How to use the recent MMLA Instructions Efficiently [Required Data Layout]?

What is the appropriate way to load and store data for the recent Arm Neon MMLA instructions?

For example, the description of SMMLA is:

> Signed 8-bit integer matrix multiply-accumulate. This instruction multiplies the 2x8 matrix of signed 8-bit integer values in the first source vector by the 8x2 matrix of signed 8-bit integer values in the second source vector. The resulting 2x2 32-bit integer matrix [...]

They require inputs sized 2x8 and 8x2 and produce outputs of the form 2x2. How can I efficiently load and store data for these functions? With matrices that are either row- or column-major, I see three broad possibilities to use these instructions, none appealing:

  • [Split and Combine] I load two consecutive 128-bit vectors and split them. Storing is equally "complicated" since I need to extract the relevant parts of the 2x2 matrix before storing it.
  • [Smaller Vectors] Alternatively, I could load 64-bit vectors, but that seems inefficient too.
  • [Reorder Input Data] Of course, I could re-pack the input data so the vectorized loads already span multiple rows or columns. Is that the intended use?

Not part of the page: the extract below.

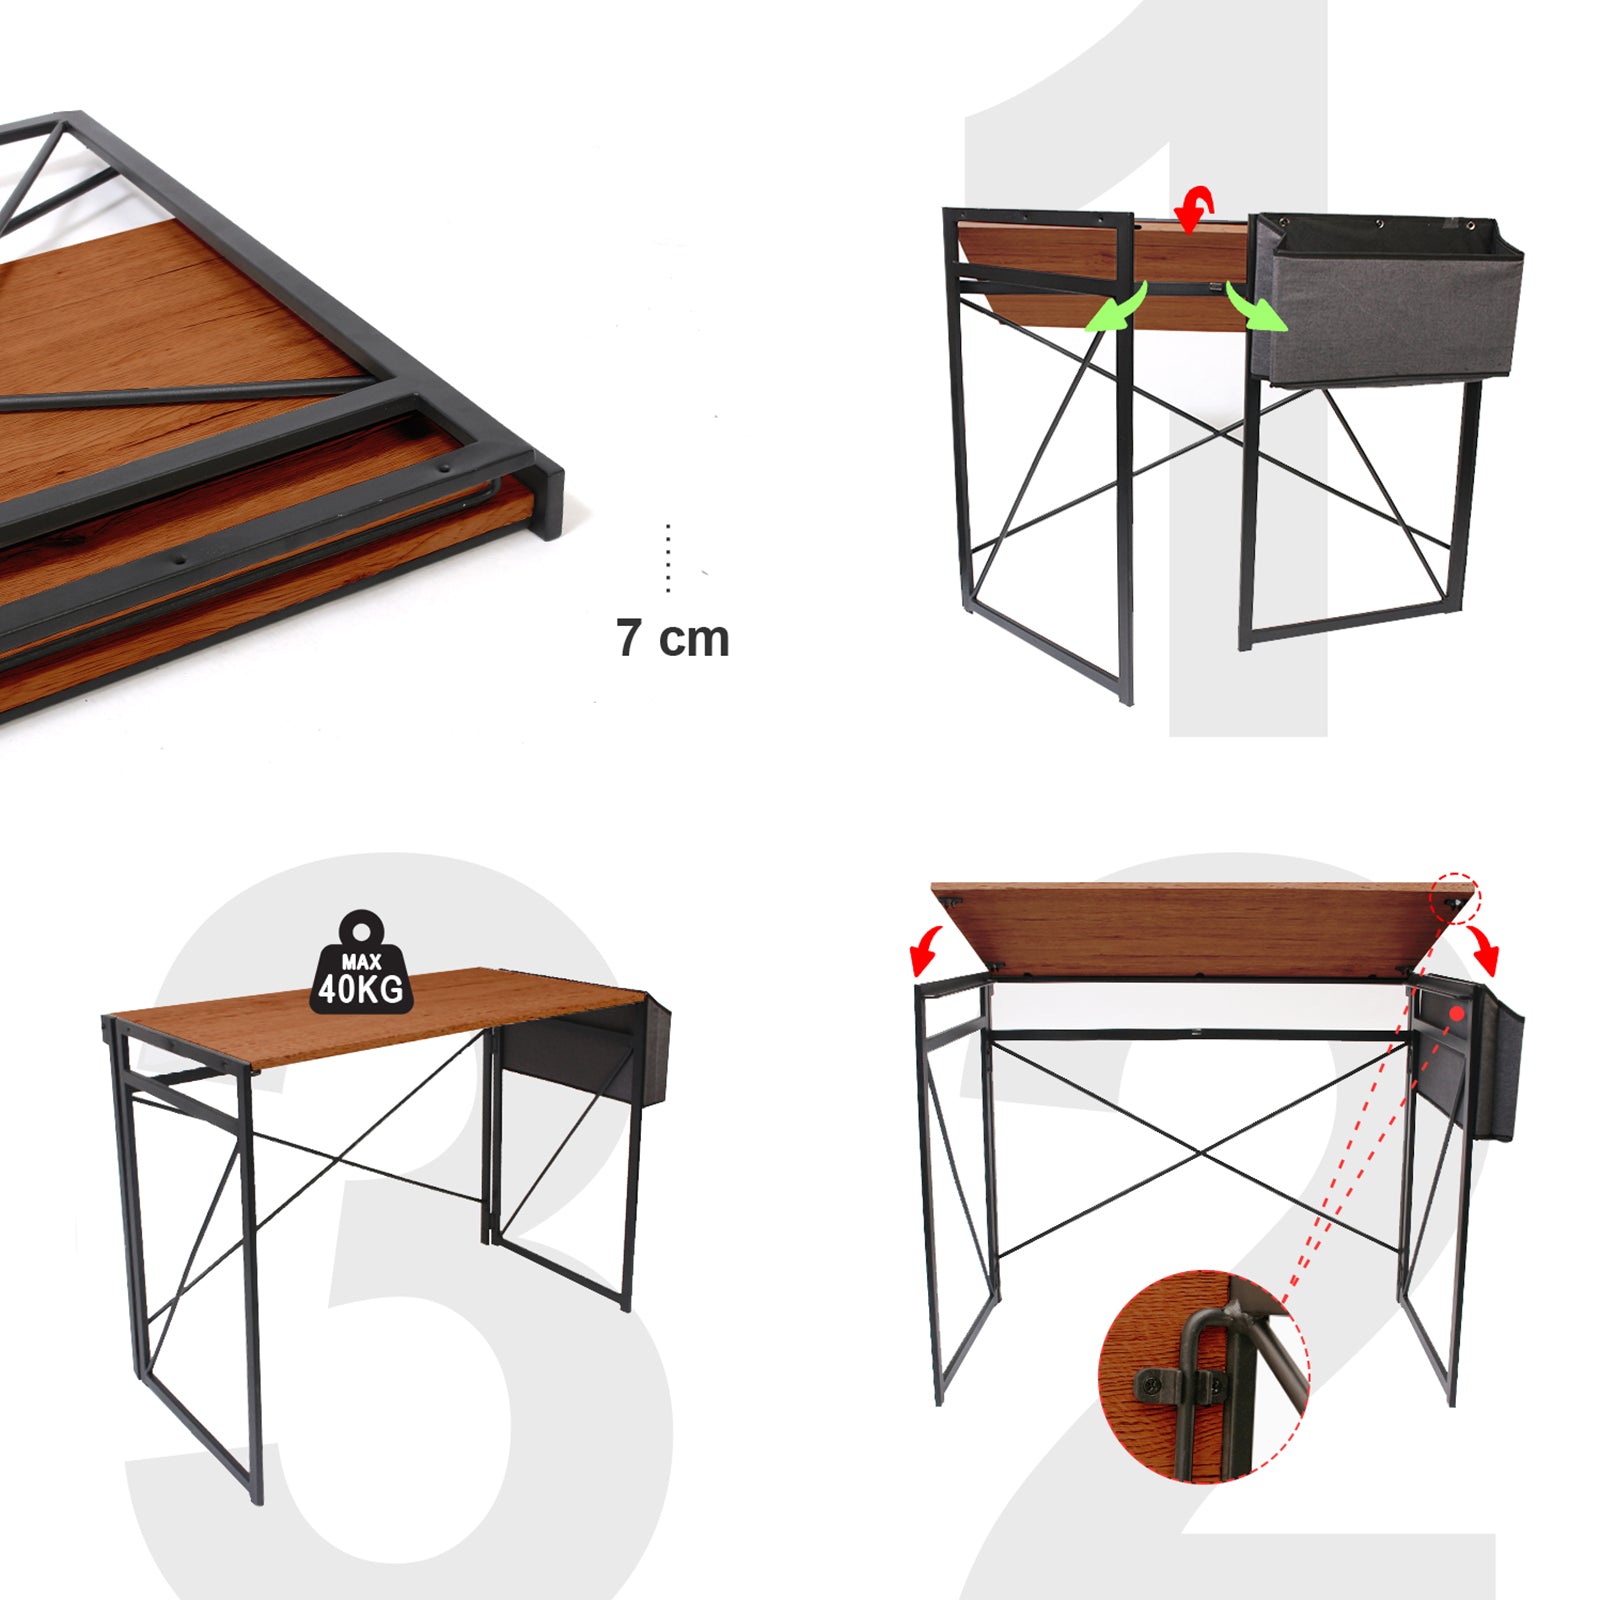 Todeco-Computer-Desk-Office-Table-with-Storage-Pouch-Foldable-Computer-Desk-Industrial-Style-Study-Table-Desk-Workstation-Brown

An example code for the inner loop (reduction over K) of a small 4xK input matrix A (row-major) and a Kx4 matrix B (column-major) is as follows (loading 64-bit vectors and combining them):

```

for (size_t k = 0; k < 64; k += 8) {

    uint8x8_t low = vld1_u8(row0);

    uint8x8_t high = vld1_u8(row1);

    uint8x16_t row01x01234567 = vcombine_u8(low, high);

    row0 += 8;

    row1 += 8;

    low = vld1_u8(row2);

    high = vld1_u8(row3);

    uint8x16_t row23x01234567 = vcombine_u8(low, high);

    row2 += 8;

    row3 += 8;

    low = vld1_u8(col0);

    high = vld1_u8(col1);

    uint8x16_t col01x01234567 = vcombine_u8(low, high);

    col0 += 8;

    col1 += 8;

    low = vld1_u8(col2);

    high = vld1_u8(col3);

    uint8x16_t col23x01234567 = vcombine_u8(low, high);

    col2 += 8;

    col3 += 8;

    out01x01 = vmmlaq_u32(out01x01, row01x01234567, col01x01234567);

    out01x23 = vmmlaq_u32(out01x23, row01x01234567, col23x01234567);

    out23x01 = vmmlaq_u32(out23x01, row23x01234567, col01x01234567);

    out23x23 = vmmlaq_u32(out23x23, row23x01234567, col23x01234567);

}

```

The result is correct, but seems terribly inefficient. The code above is just an example. I actually would use larger tile sizes to maximize register usage.